Project objectives from proposal:
The purpose of this project is to assess the potential of diverse cover crop mixtures to increase N retention in agroecosystems. To accomplish this, we will establish a two-year experiment at the Penn State agricultural research station with the following objectives:
Objective 1: To quantify the effect of cover crop mixtures on the quantity of N in aboveground cover crop biomass. Expected outcome 1: We hypothesize that increased diversity will lead to increased uptake of soil N by non-leguminous cover crop species and an overall increase in aboveground biomass N.
Objective 2: To assess the effects of cover crop mixtures on microbial N uptake. Expected outcome 2: We hypothesize that increased aboveground diversity will increase soil microbial biomass and activity and, therefore, microbial N assimilation during the cover crop growing season.

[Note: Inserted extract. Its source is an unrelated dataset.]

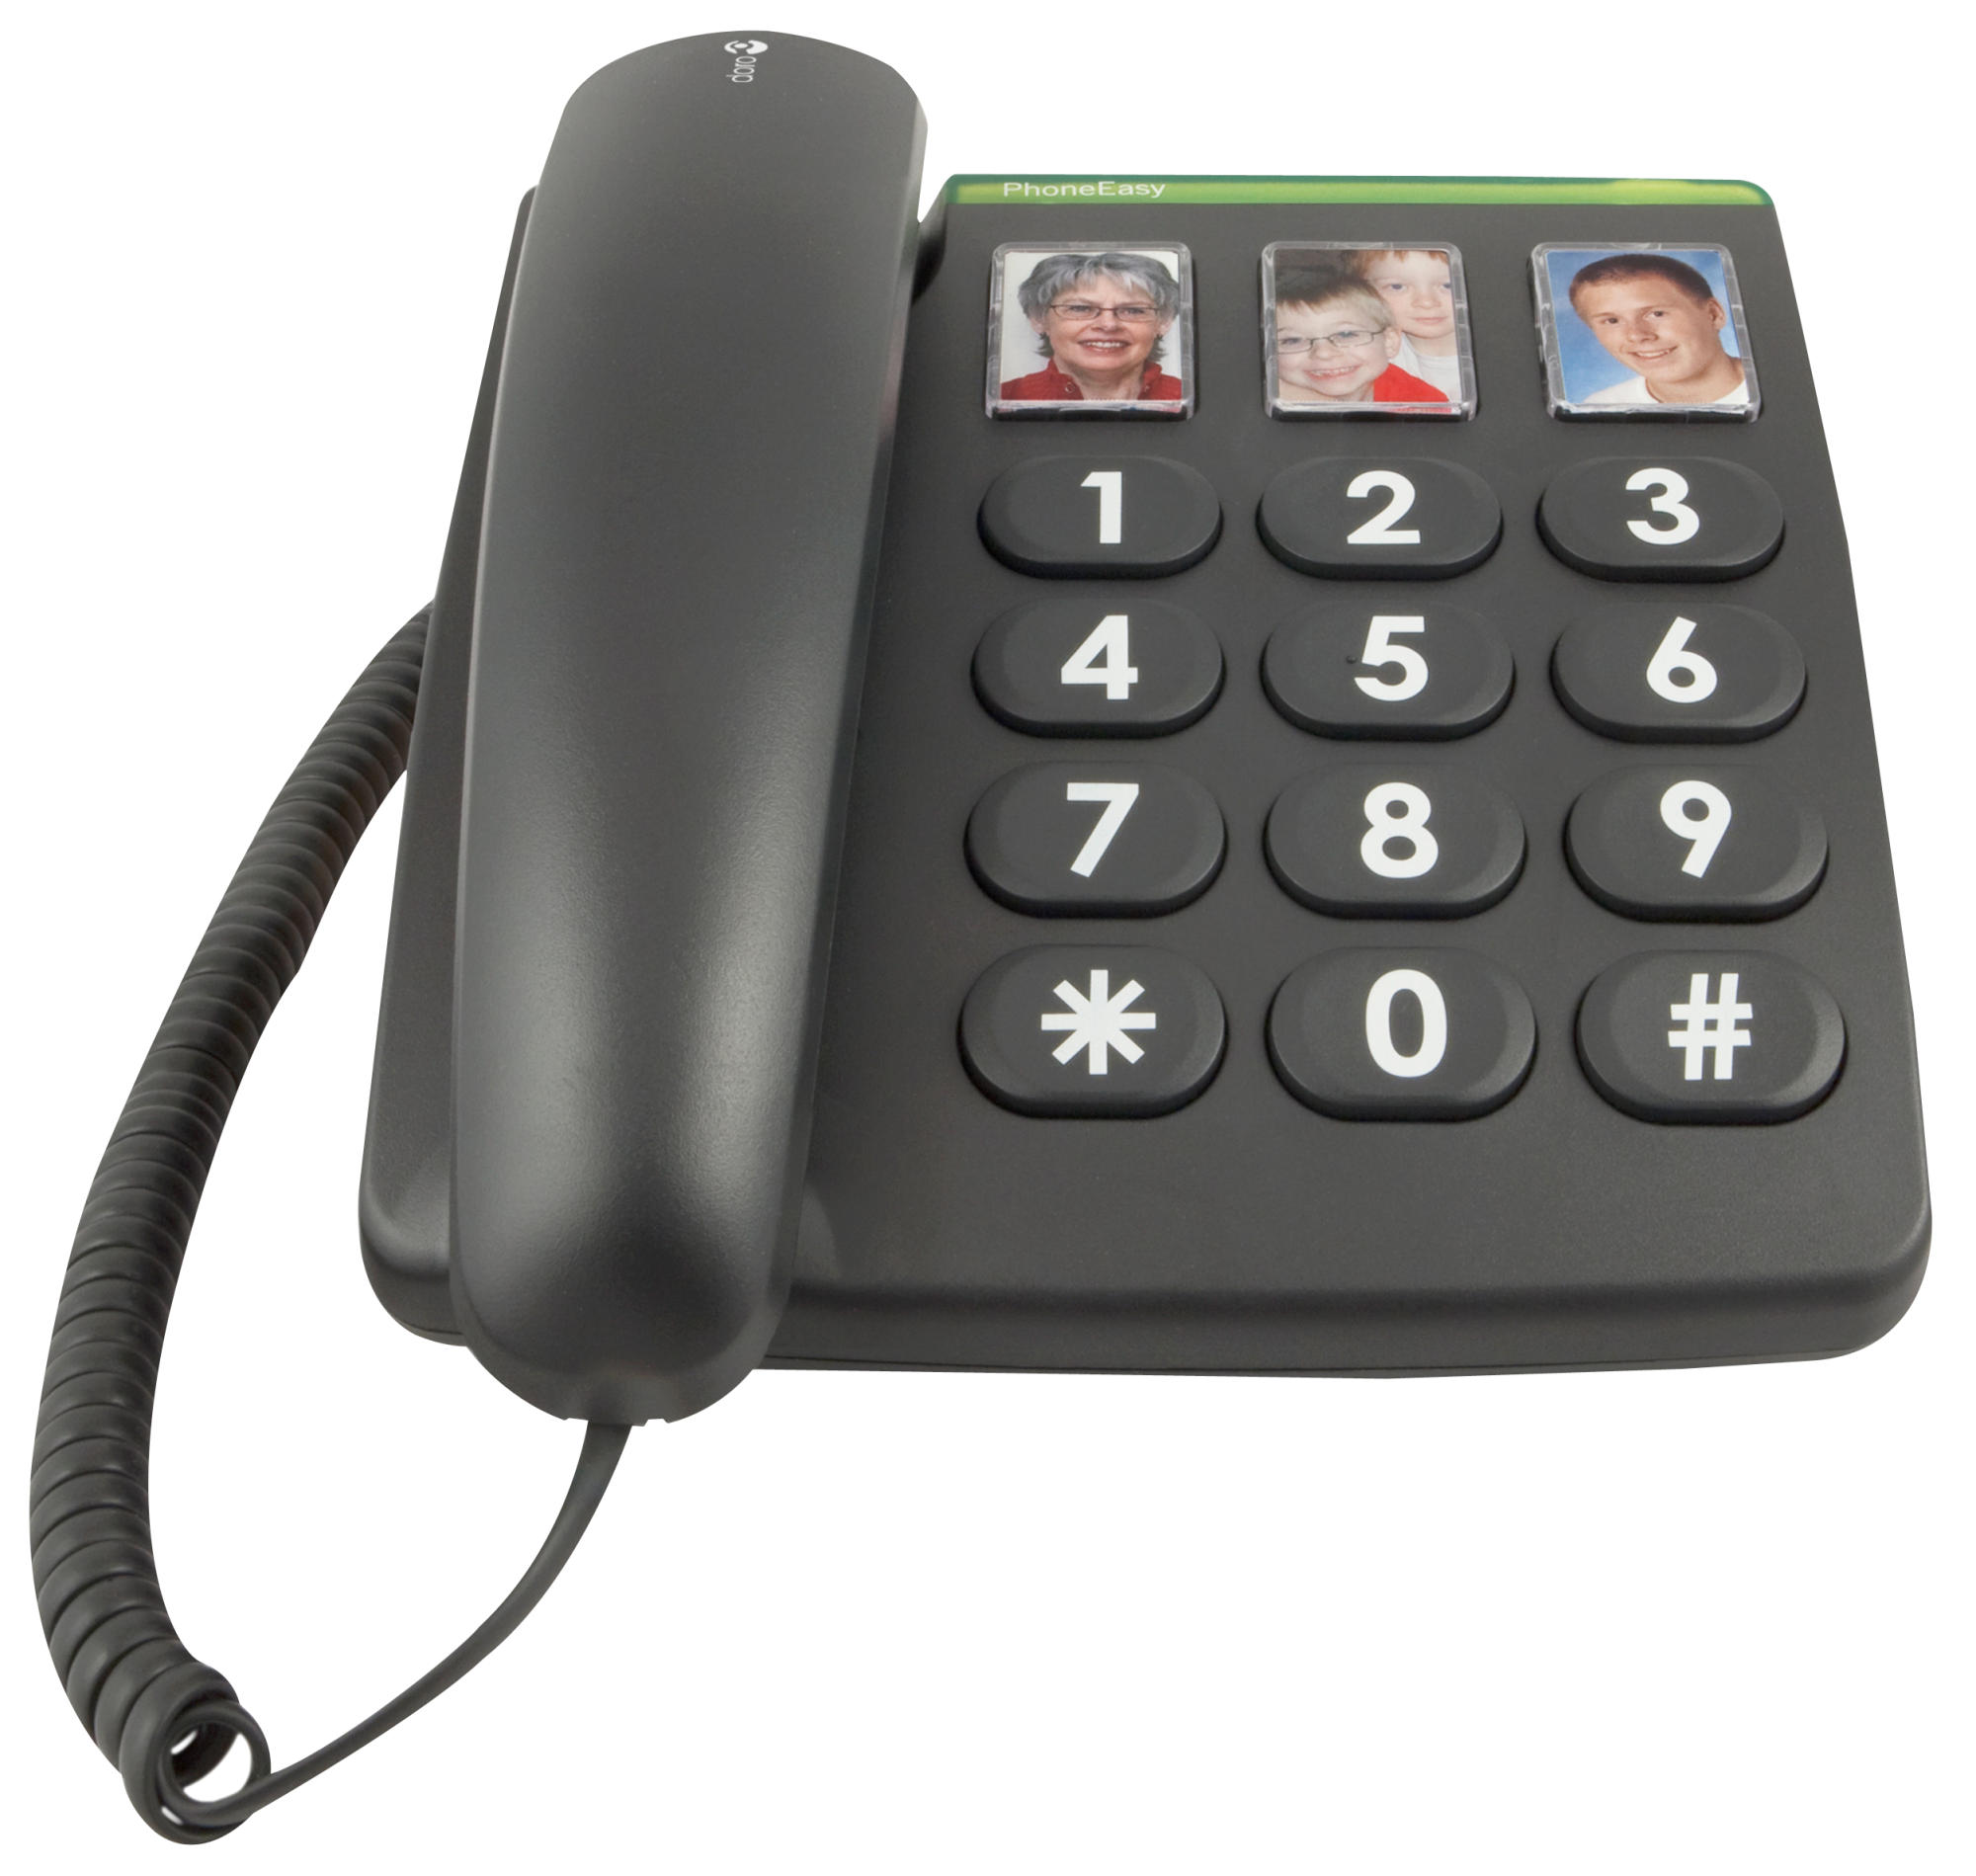 Seniorentelefon DORO PhoneEasy® 331ph
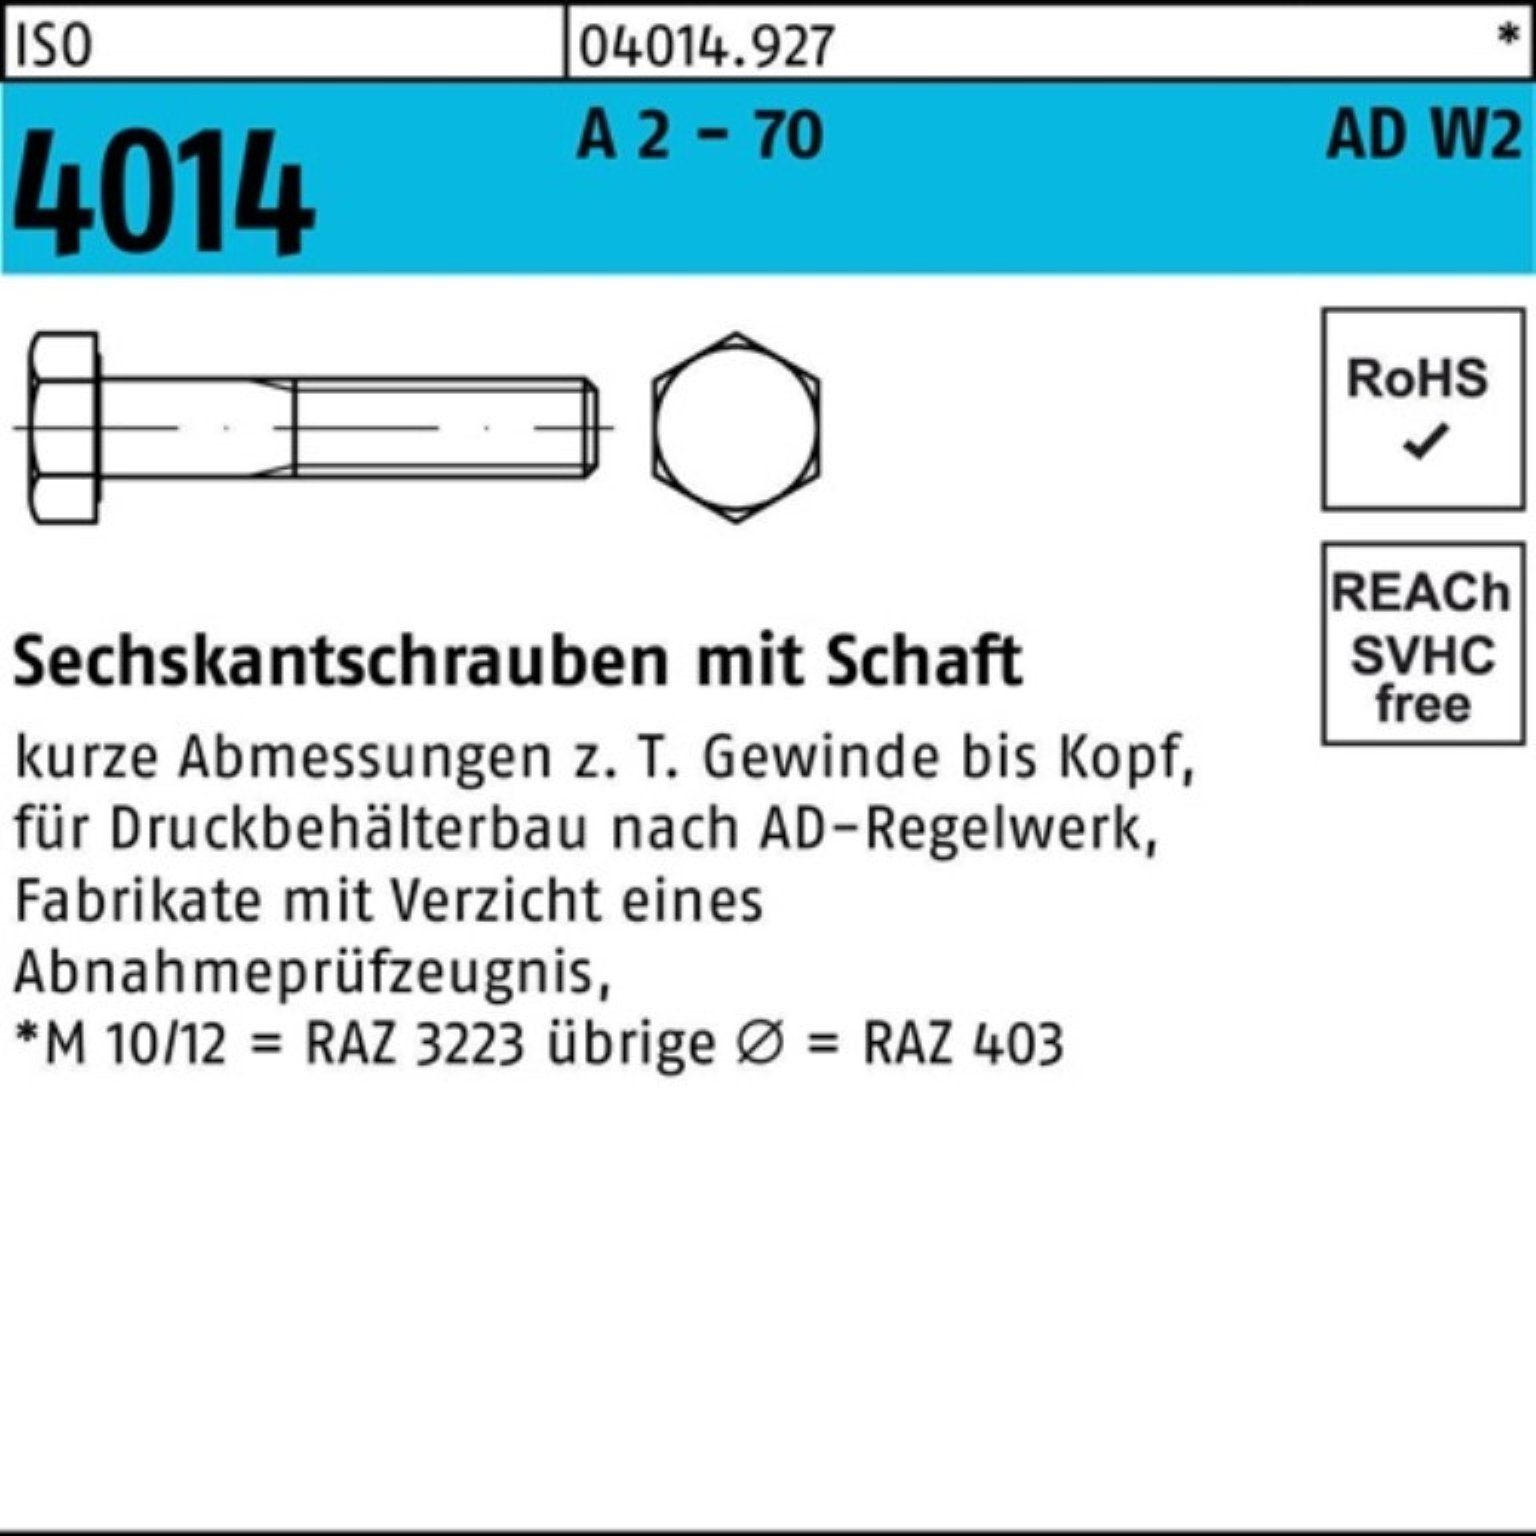 4014 Bufab 70 100er M12x - Sechskantschraube Pack A 2 Sechskantschraube AD-W2 50 50 ISO Schaft

Objective 3: To measure the effects of cover crop mixtures on nitrate leaching during the cover crop season. Expected outcome 3: We hypothesize that increased aboveground diversity will reduce the amount of nitrate leached through the soil profile during the cover crop growing season.
Objective 4: To determine the effect of cover crop mixtures on nitrogen supply to a subsequent cash crop. Expected outcome 4: We hypothesize that increased aboveground diversity will lead to an increase in N available to a subsequent cash crop.
Objective 5: To increase understanding of the mechanisms through which diversity influences N retention and supply in order to assist farmers in choosing species for cover crop mixtures. Expected outcome 5a: We hypothesize that increasing the number of species present in a cover crop stand will positively impact cover crop N content, microbial uptake, nitrate leaching, and N supply, but that effect size will diminish as the number of species increases (richness mechanism). Expected outcome 5b: We hypothesize that mixing species that perform different N functions (N-fixing versus N-scavenging) will lead to higher quantities of N in aboveground cover crop biomass, greater N uptake by N-scavengers, and reduced nitrate leaching than mixtures with only one N functional group (N functional diversity mechanism). Expected outcome 5c: We hypothesize that the greatest effects of increased diversity on cover crop biomass N, microbial N assimilation, nitrate leaching, and N supply will be observed in cover crop mixtures that include species exhibiting temporal complementarity (winter kill versus winter hardy; temporal complementarity mechanism).